Title: The Rain
Author: Virginia Bergin
Publisher: Macmillan Children's Books
One minute sixteen-year-old Ruby Morris is having her first proper snog with Caspar McCloud in a hot tub, and the next she’s being bundled inside the house, dripping wet, cold and in her underwear. Not cool. As she and Caspar shiver in the kitchen, it starts to rain. They turn on the radio to hear panicked voices – ‘It’s in the rain . . . it’s in the rain . . . ' That was two weeks ago, and now Ruby is totally alone. People weren’t prepared for the rain, got caught out in it, didn’t realize that you couldn’t drink water from the taps either. Even a drip of rain would infect your blood, and eat you from the inside out. Ruby knows she has to get to London to find her dad, but she just doesn’t know where to start . . . After rescuing all the neighbourhood dogs, Ruby sets off on a journey that will take her the length of the country – surviving in the only way she knows how.
Julies Thoughts :
I opened up The Rain by Virginia Bergen, began reading, and appreciated from the off the authenticity of the main character’s ‘voice’. Could the voice be considered annoying? Well, teenagers can be annoying, right? However, I’d much rather read a novel that is written from the POV of a teen actually sounding like a teen, rather than the age of the author—which happens quite a lot. So, immediately, this book got thumbs up for that from me.
As for the main character herself? Well, to be honest, Ruby doesn’t really go through a whole lot of character development, attitude or personality wise. She does, however, grow a lot stronger in her grasp of her situation and her ability to survive. And it was her survival that absorbed my attention and kept me reading in a need to see it through. I’ll come back to this in a moment, though. First, I want to take a look at the plot.
So, we have rain—poisoned rain. Rain with the ability to inflict anyone who comes into contact with it with a bacterial sickness that slowly (or quickly, depending on exposure) eats them from the inside out. Is this believable? Heck, yes. However, the author added in an angle that the microscopic organisms, ones undefeatable by anything on earth (at least during the span of the book), had arrived to merge with our earth’s atmosphere from an exploded/diverted meteor—hence making it an alien substance? Yeah, this angle made it slightly less believable, and I didn’t believe it was required in order for the reader to ‘grab me at hello’, if you catch my drift.
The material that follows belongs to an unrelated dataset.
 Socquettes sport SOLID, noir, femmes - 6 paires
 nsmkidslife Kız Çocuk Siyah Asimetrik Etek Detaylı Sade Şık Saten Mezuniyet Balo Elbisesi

That aside, I still enjoyed the story. A lot. Because the author didn’t pull any punches. She didn’t pretty anything up. She simply told the story she’d decided to tell exactly as it needed to be told. So, a character gets affected by the rain and starts to bleed and look pretty gross? I knew exactly what they looked like. People the MC knows are dying/have died around her? I knew exactly what that looked/felt/sounded like to Ruby. Riots break out—because they totally would—when townsfolk go looting—which they seriously would—for anything from food to water (definitely water!!!!) to flat-screen TVs—as ridiculous as it sounds, this most probablywould happen because folk often act irrationally in a crisis—I understood exactly what was happening and when and grasped the fear that came with that kind of horrifying situation. From a description perspective, I can’t really fault the writing. Because, yes, I knew everything that was happening at any given time, and every bit of it was fed to me with gory-fied vibrancy.
In fact, I don’t think there was a singular point in this story where I didn’t feel Ruby’s plight. Her quiet desperation. Her willingness to survive. Her absolute fear—because let’s face it: imagine a world where no natural water is safe to drink without deathly consequences and you know the bottled stuff is only going to last so long …<<This angle of the story was seriously scary to consider or imagine. It heightened the desperation of the entire community/country/world around Ruby’s own desperation, and left my mind reeling with horrific possibilities and trying to figure out ‘what would *I* do?’
And during all of this, Ruby didn’t once lose her voice, or her personality. Even through the thick of danger and stress, her teenage attitude and selfishness shone through—though her selfishness dimmed a little as the story went on, and by the end, it seemed a whole lot more to be a kind of coping mechanism than anything else. Because by the end, she realised she did need someone else. She realised she couldn’t mentally/emotionally make it on her own. Proven, when that emotional lifeline she’d been holding onto gets stolen from her in a traditional teenage style, and she turns to the only thing she has left. Hope. Blind hope. It’s this which drives to where the story ends. This that drives her to finally behave the way she does.
And the ending of the book? The room for speculation we’re left with? It’s a fine line trying to work out in my mind how things could have worked out for this character I came to really like, because that same hope and clinging to it, with the tight grip Ruby is/was, could very well end up being the very thing that ensures death.
So, in a post apocalyptic sense, think along the lines of This is Not a Test as to how the reader is left pondering over impossibilities and uncertainties, and then imagine that story written with a new danger and fresh ‘journey’, and you’ll probably sum up The Rainfairly well. Check it out. I think folk who enjoy a ‘true’ teenage ‘voice’ will enjoy it.